Hi Floris,
On Jul 16, 2024, at 19:47, Floris Van Nee <florisvannee@Optiver.com> wrote:
Hi hackers,
I'm looking for some input on an issue I've observed. A common pattern
I've seen is using temporary tables to put data in before updating the
real tables. Something roughly like:
On session start:
CREATE TEMP TABLE temp_t1 (...) ON COMMIT DELETE ROWS;
On update:
BEGIN;
COPY temp_t1 FROM STDIN (FORMAT BINARY);
INSERT INTO t1 (SELECT * FROM temp_t1 ...) ON CONFLICT DO UPDATE SET ...;
-- potentially some other operations on temp table to put data into real table t1
COMMIT;
This pattern starts to break down under certain exceptional circumstances of
high concurrency. The "ON COMMIT DELETE ROWS" does a truncate that is
fairly expensive and doesn't work well in high-concurrency scenarios.

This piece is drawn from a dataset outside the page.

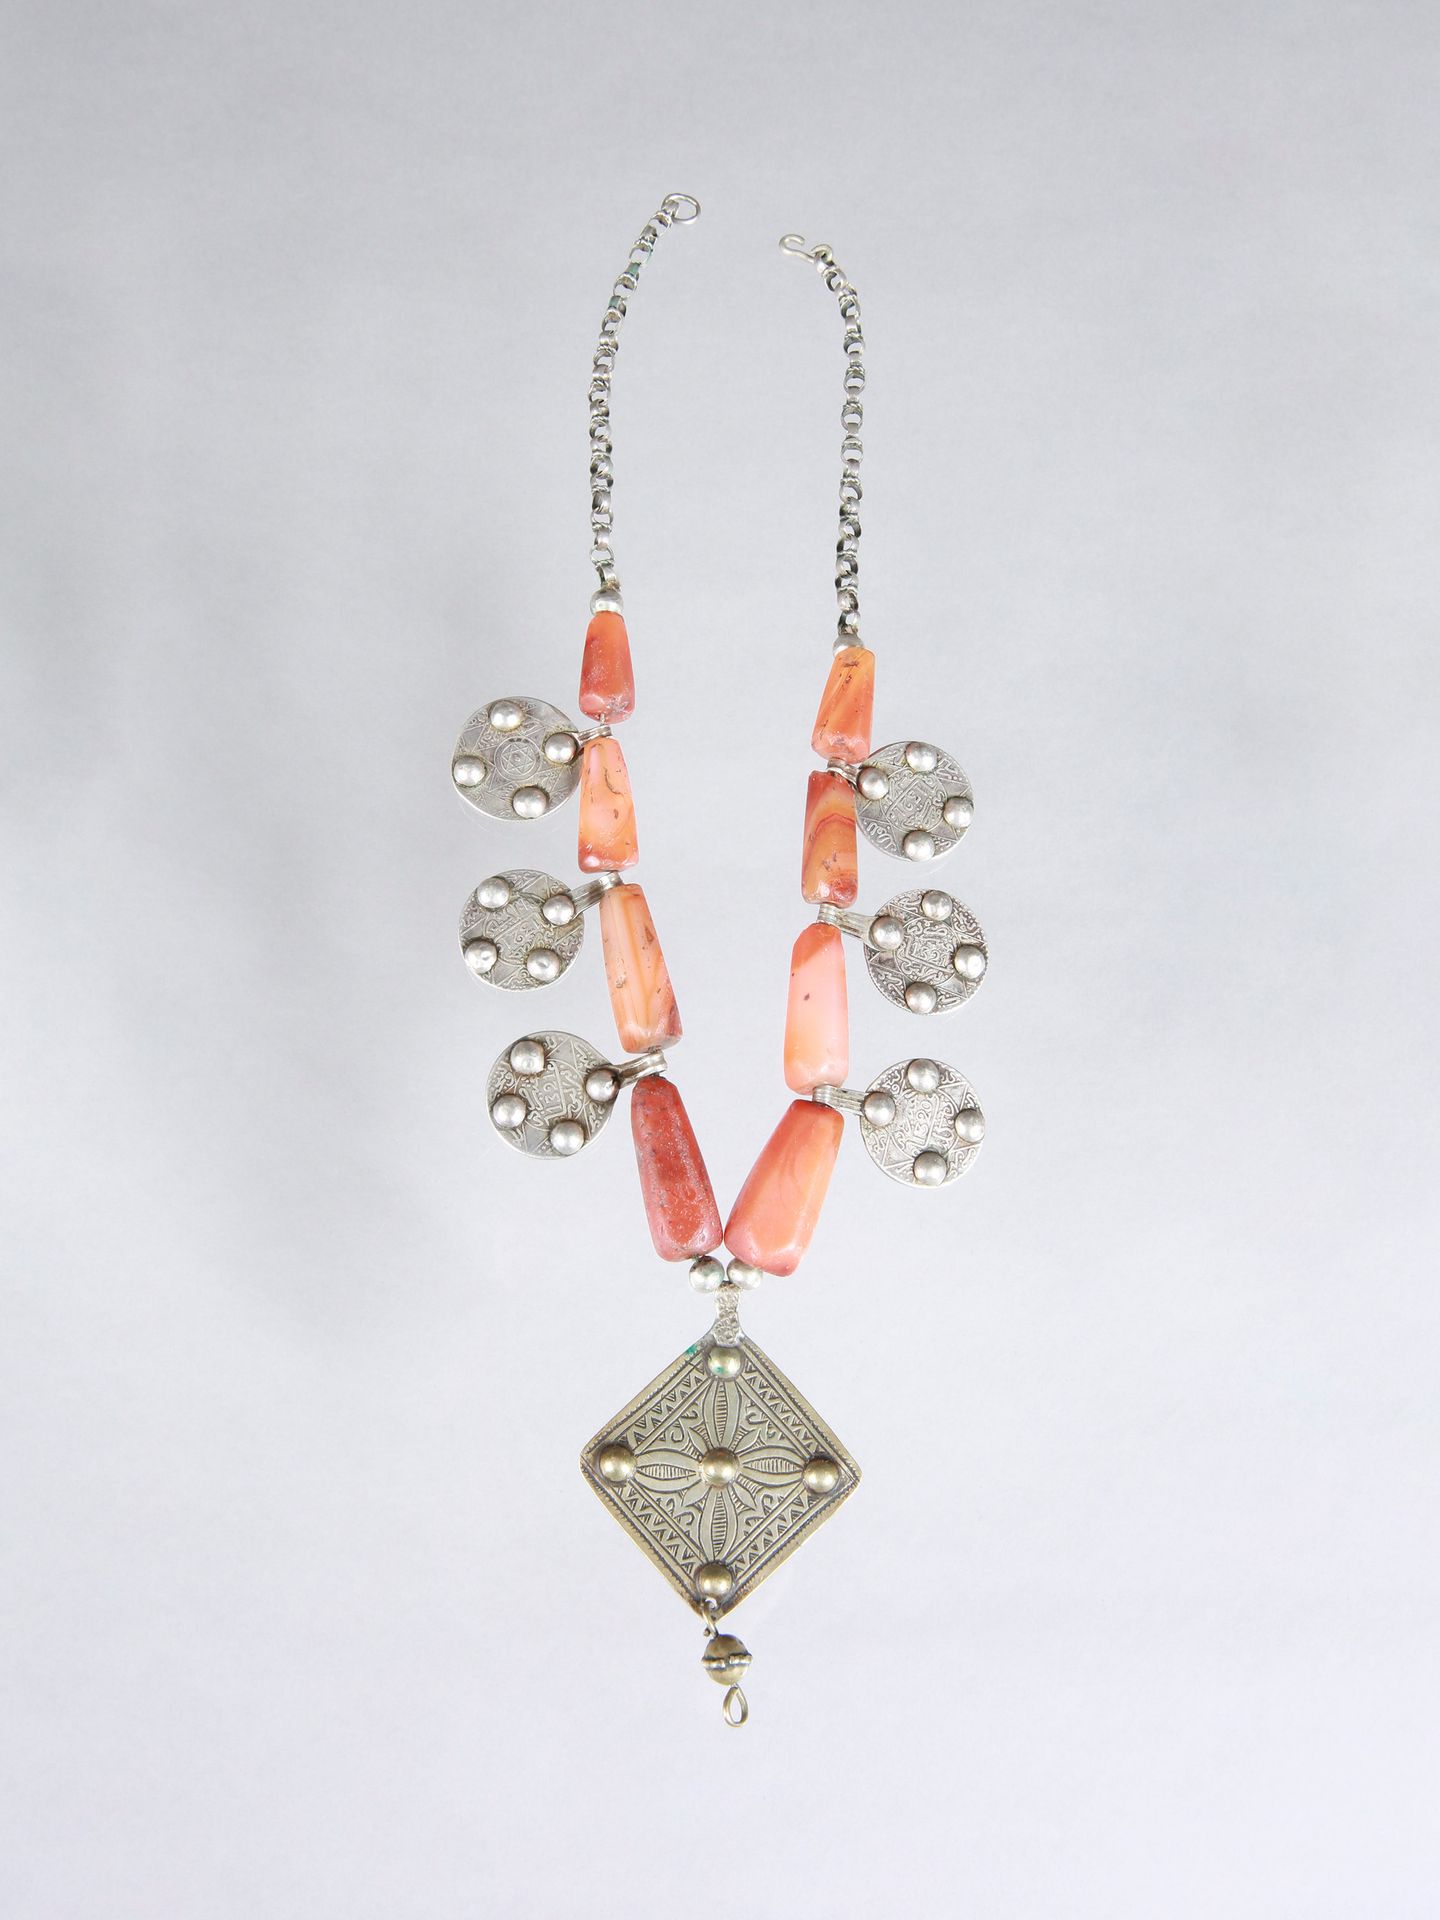 A Berber Necklace with seven Pendants Collier mit sieben Schmuck-Anhängern

Berb&hellip;

It's
especially noticeable under following circumstances:
- high max_connections setting
- high number of temp tables per session
- concurrent writers at fairly short intervals
Impact is on both TPS on primary as well as that the WAL replay process
on replica becomes completely overloaded (100% cpu even though not
a lot of WAL is being generated)
A very simple pgbench example that showcases degradation (taken
with max_connections=2000 to clearly show it).
I also encountered the similar performance issue with temporary tables
andprovided a patch to optimize the truncate performance during commit
in [1].
Additionally, is it possible to lower the lock level held during truncate for
temporary tables?
[1] https://www.postgresql.org/message-id/flat/tencent_924E990F0493010E2C8404A5D677C70C9707%40qq.com
Best Regards,
Fei Changhong